Добавить в цитаты Настройки чтения

Страница 125 из 154



— Надобно спросить благословение у батюшки! — отвечал я, подумав. — А за дружескую помощь — спасибо! Хорошо бы присмотреться к тем местам…

В одной из таких поездок мы посетили зеленый гористый остров Корфу, где легкие мои начали дышать свободно. Проезжая мимо оливкового холма с остроконечными стрелами кипарисов, я заметил Даниилу:

— Смотри, Даниил, какая чудесная горка! Тот, кто посадил там оливы, счастливый человек!

Мой друг с любопытством осматривал красивую местность, расположенную высоко над морем. Оливковый холм остался в памяти прекрасным видением.

Вернувшись на Афон, я снова ушел в скалы, со скорбью замечая, что уединенных мест остается все меньше и меньше. Мои опасения усугубило новое открытие: у греков после выхода в свет книг об Иосифе Исихасте вновь проснулся интерес к келиотской пустыннической жизни. Пустующие кельи быстро заполнялись монахами. Опечалило другое: мой родник на Крио Неро — «Холодная вода» — забетонировали и от него провели трубы в кельи скита Керасья. Практически я остался без воды, ее приходилось собирать по каплям. Почти все лето я ползал по густым и колючим дебрям с садовым секатором и маленькой пилой, без которых невозможно было продраться сквозь непроходимые заросли.

Вспомнился рассказ отца Христодула на Каруле о невидимых старцах, спускавшихся откуда-то сверху в келью Яннокопуло, известного старца Христофора, который причащал их в своем маленьком храме Благовещения. Невидимые старцы приходили из таких непролазных дебрей, где человек пройти не может. Именно туда я решил устремиться на поиски скрытых мест.
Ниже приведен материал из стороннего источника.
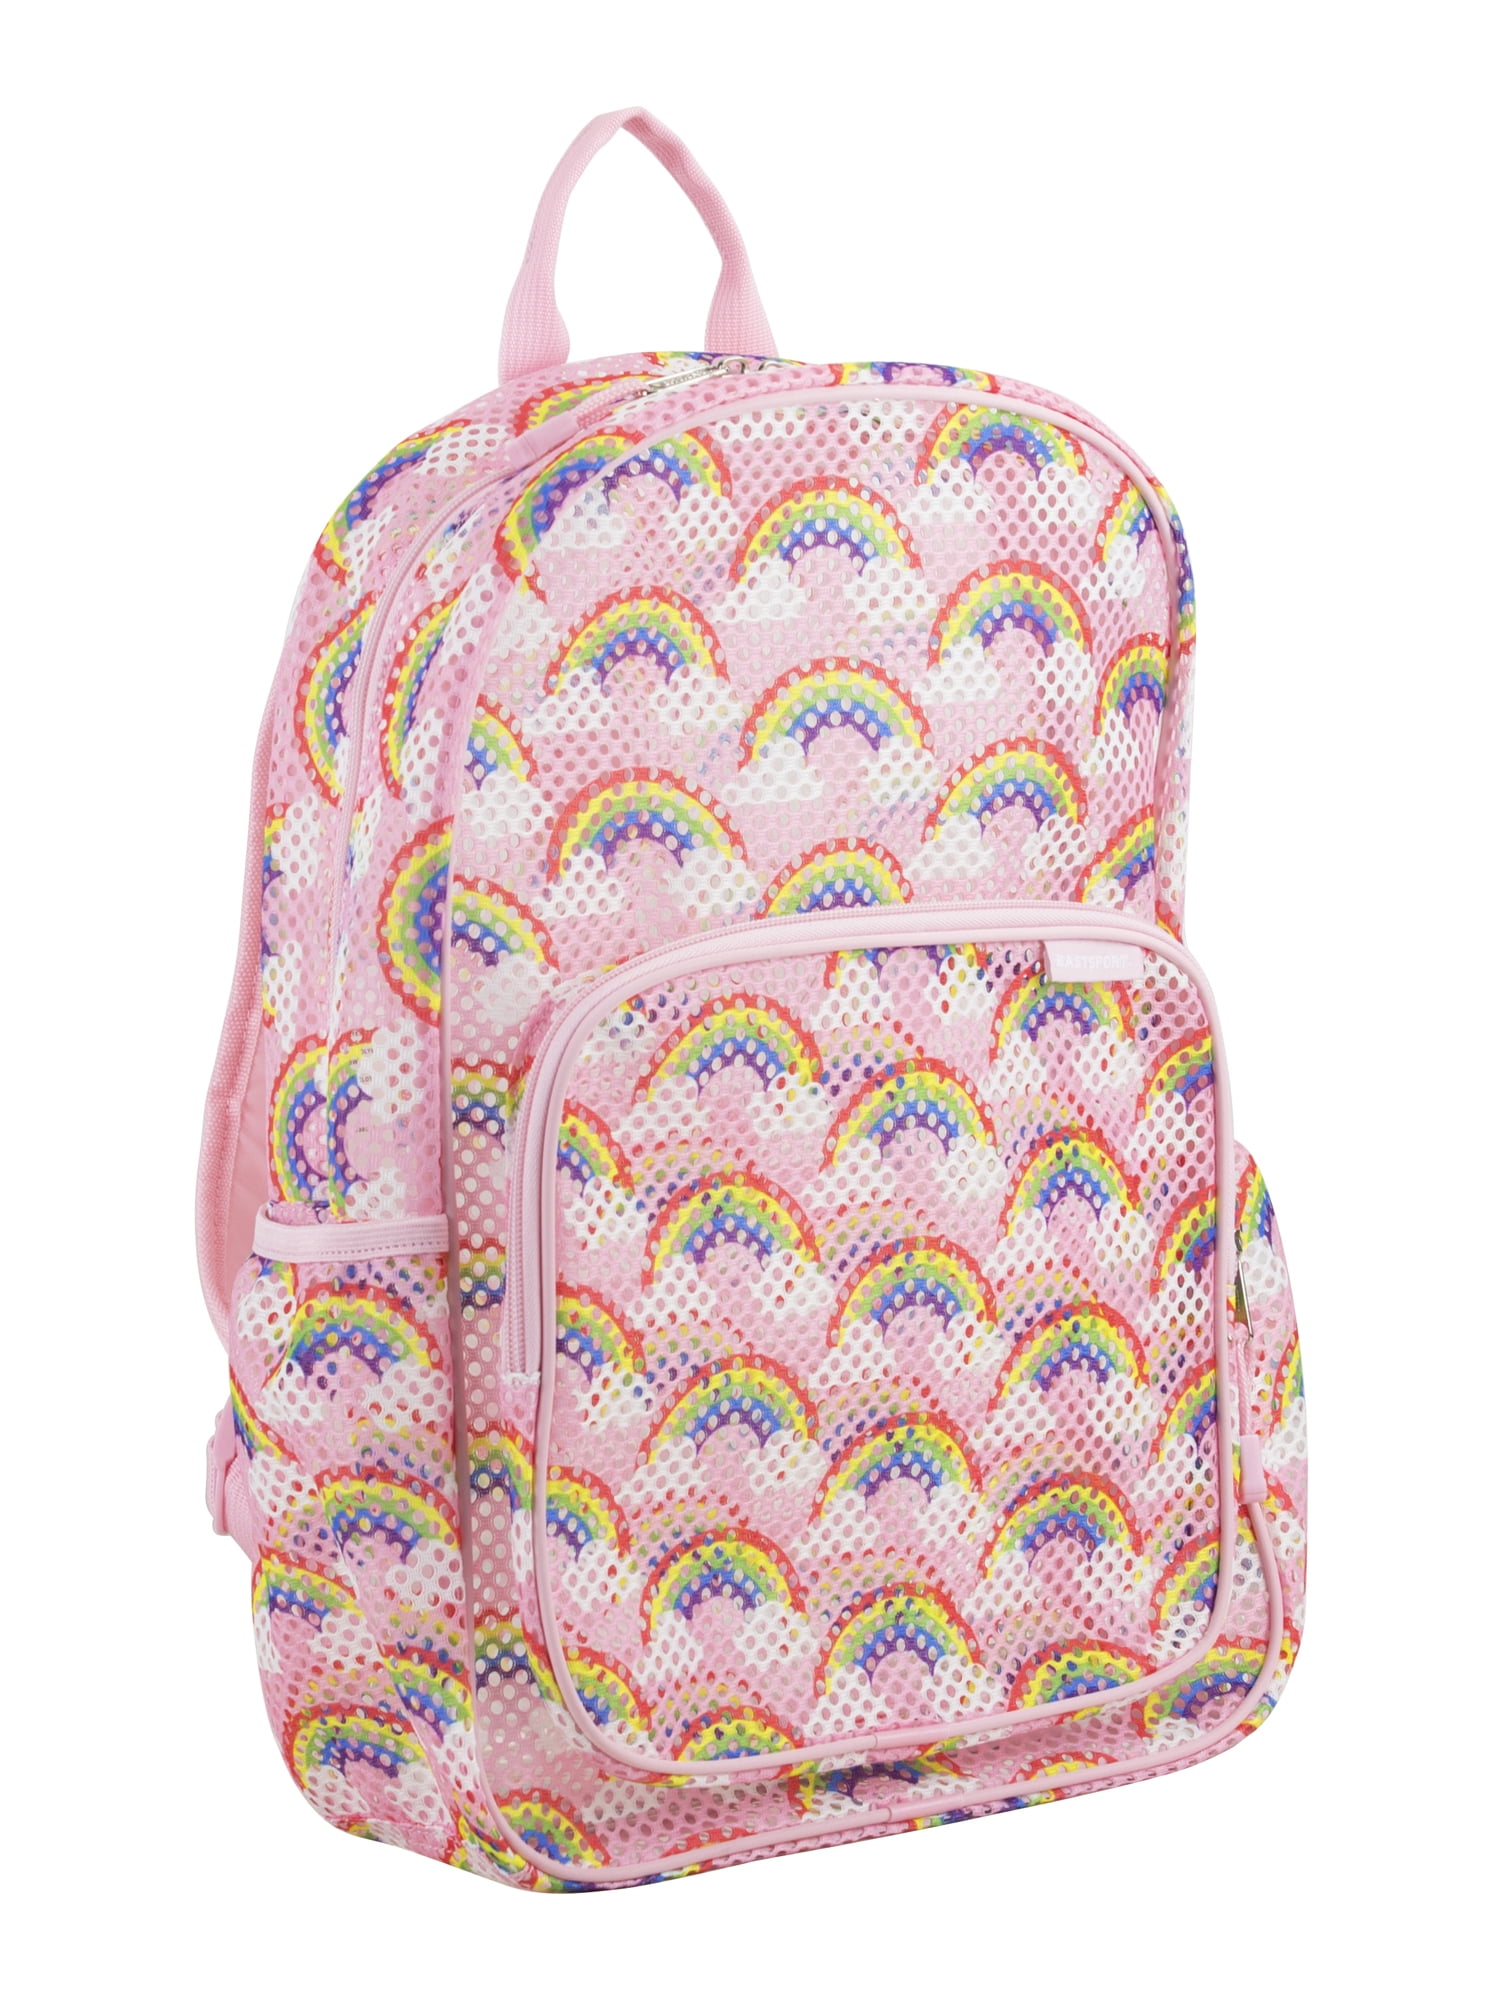 Rainbow Backpack School Bag Glitter Print Minimalist

Однажды я вышел на узкий скальный гребень над кельей преподобного Петра Афонского. Поднимаясь все выше, я в совершенно безлюдных местах заметил очень старую, но хорошо натоптанную тропу, заросшую зарослями колючего дуба. Не приходилось слышать, чтобы вверху кто-то жил, да и жить на такой высоте не представлялось возможным, но старая тропа упрямо вела меня все выше, почти под вершину Афона. Крайне заинтересованный, я поднимался по ней, поглядывая на вздымающийся впереди могучий пик.
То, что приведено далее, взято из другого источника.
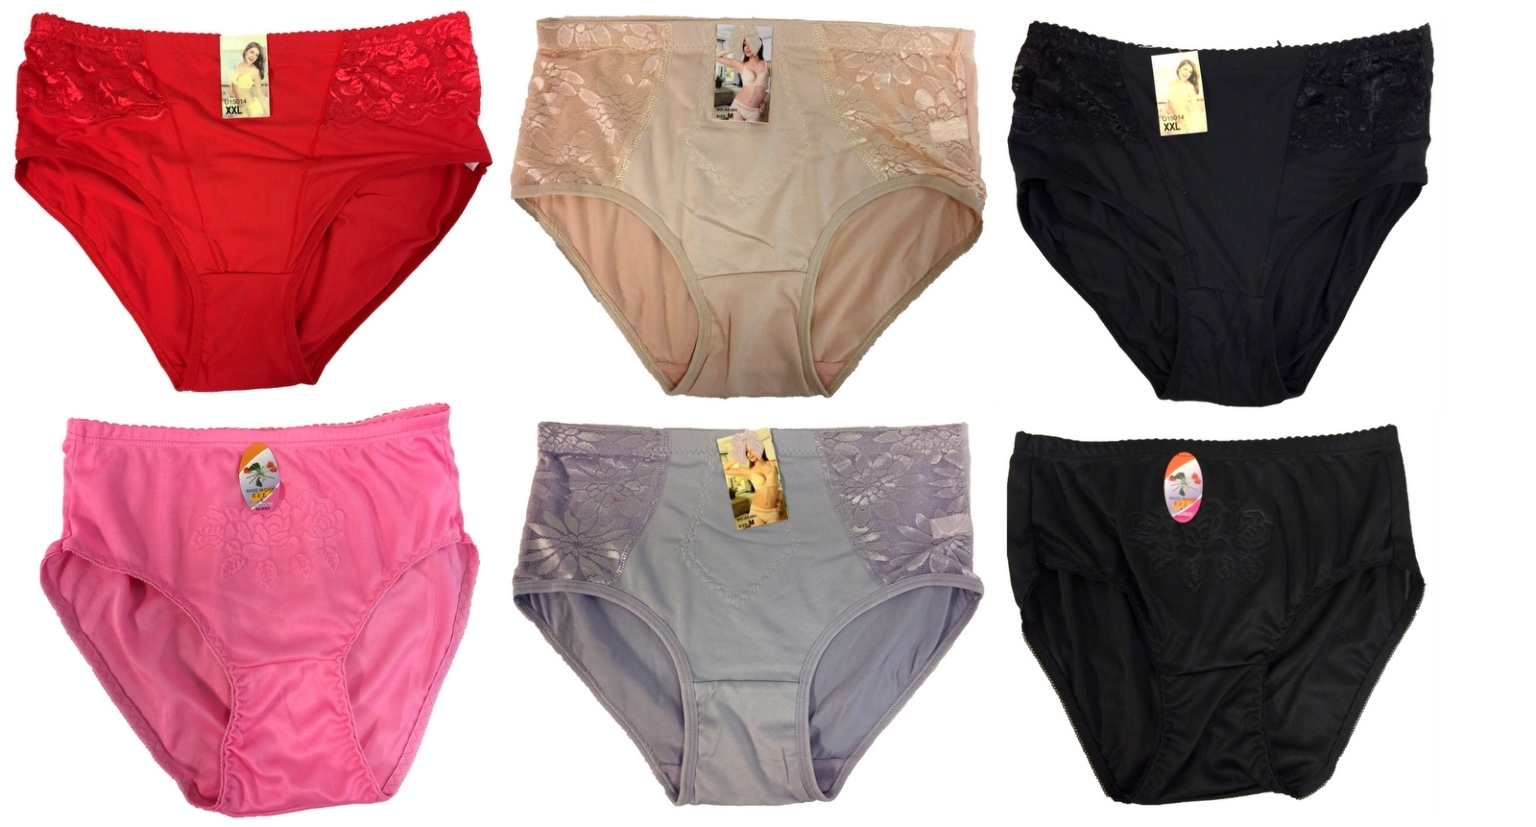 https://dollardays.imgix.net/images/l102/image2/underwear10.jpg

Почти под вершиной, в непроходимых зарослях, тропа привела меня к удивительному поселению на небольшом плато. От зданий остались только фундаменты. Когда-то здесь стояло пять или шесть калив. Еще немного повыше, на оголенной перевальной седловине, я обнаружил могилку, приваленную плоскими камнями, из которых возвышался дубовый крест, побелевший от времени. Удивляло то, что в этом неприступном месте жило столько людей, о которых никто не знал и никто их не видел. Это, наверное, было самое загадочное место на Афоне. Невольно возникло предположение, что здесь жили самые скрытые монахи, которые построили себе кельи в невероятно аскетических условиях. Источника воды поблизости я не обнаружил: по-видимому, эти таинственные монахи использовали дождевую воду, собирая ее с крыш.
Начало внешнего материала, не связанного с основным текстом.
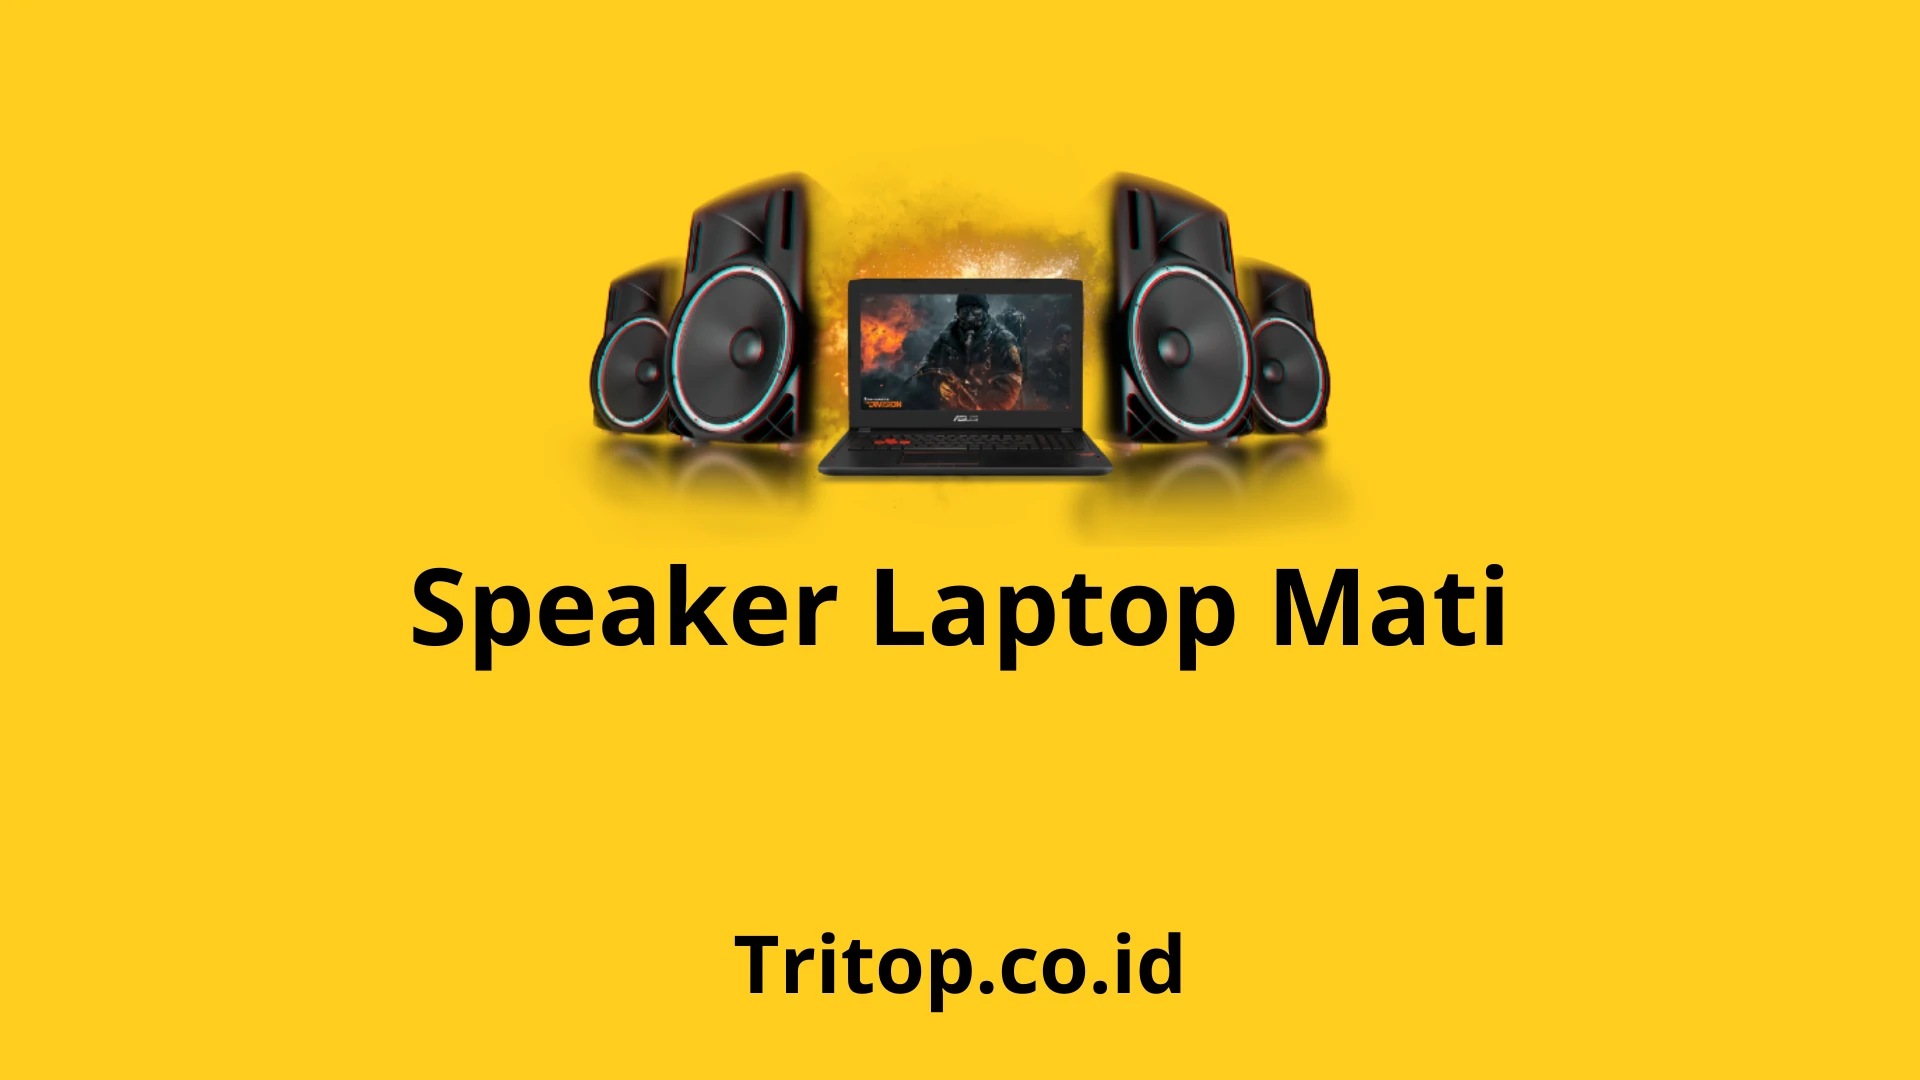 Speaker Laptop Mati Tritop.co.id

Поиски уединенных мест в афонских дебрях привели меня к удручающему открытию: не только мой источник, но и почти все родники теперь оказались забетонированы и ни в одном ущелье, пригодном для уединенной молитвы не осталось ни одного ручья, который бы не отвели по трубам к строящимся кельям. В досаде я решил даже прорезать в одном из шлангов отверстие, чтобы набрать воды, но эту идею мне не хотелось приводить в исполнение. Около километра пришлось ползти вдоль трубы в диких зарослях на четвереньках, пока мне не посчастливилось обнаружить маленький кран. От Лаврских монахов я случайно узнал, что на Крио Неро жил одно время в палатке монах-румын: это его голос тревожил меня по ночам, когда монах молился на румынском языке, не подозревая, что он в глухом лесу не один.

Прекратив поиски, я вновь ушел в скалы Афона в свою пещеру, страдая от недостатка воды, где со всем усердием углубился в безмолвное созерцание, отбрасывая все помыслы и не обращая внимания на благодатные переживания, как посоветовал старец Григорий. Нетварный свет начал сиять внутри вне зависимости от того, закрывал ли я глаза или открывал их. Ум перестал цепляться как за внешнее восприятие, так и за внутренние ощущения. Пришло неисходное состояние блаженства, которое подобно живому неистощаемому источнику вливало в сердце духовную свежесть и бодрость. Но я заметил, что временами ум все же испытывает рассеянность, когда обстоятельства складывались неблагоприятным для меня образом: когда наступала непогода или сырость пробирала до костей, или же когда случались радостные переживания, приводящие меня невольно в восторженное состояние духа, хотя внимание было постоянно бдительным и зорким ко всем деталям моего самоуглубления. Тело по временам словно полностью утрачивало свой вес, причем исчезало всякое представление о телесном существовании. Все люди, далекие и близкие, становились для моей души как один человек, нуждающийся в заботе, помощи и любви. Возникало сильное желание, чтобы все пришли к такому же постижению в молитве и созерцании.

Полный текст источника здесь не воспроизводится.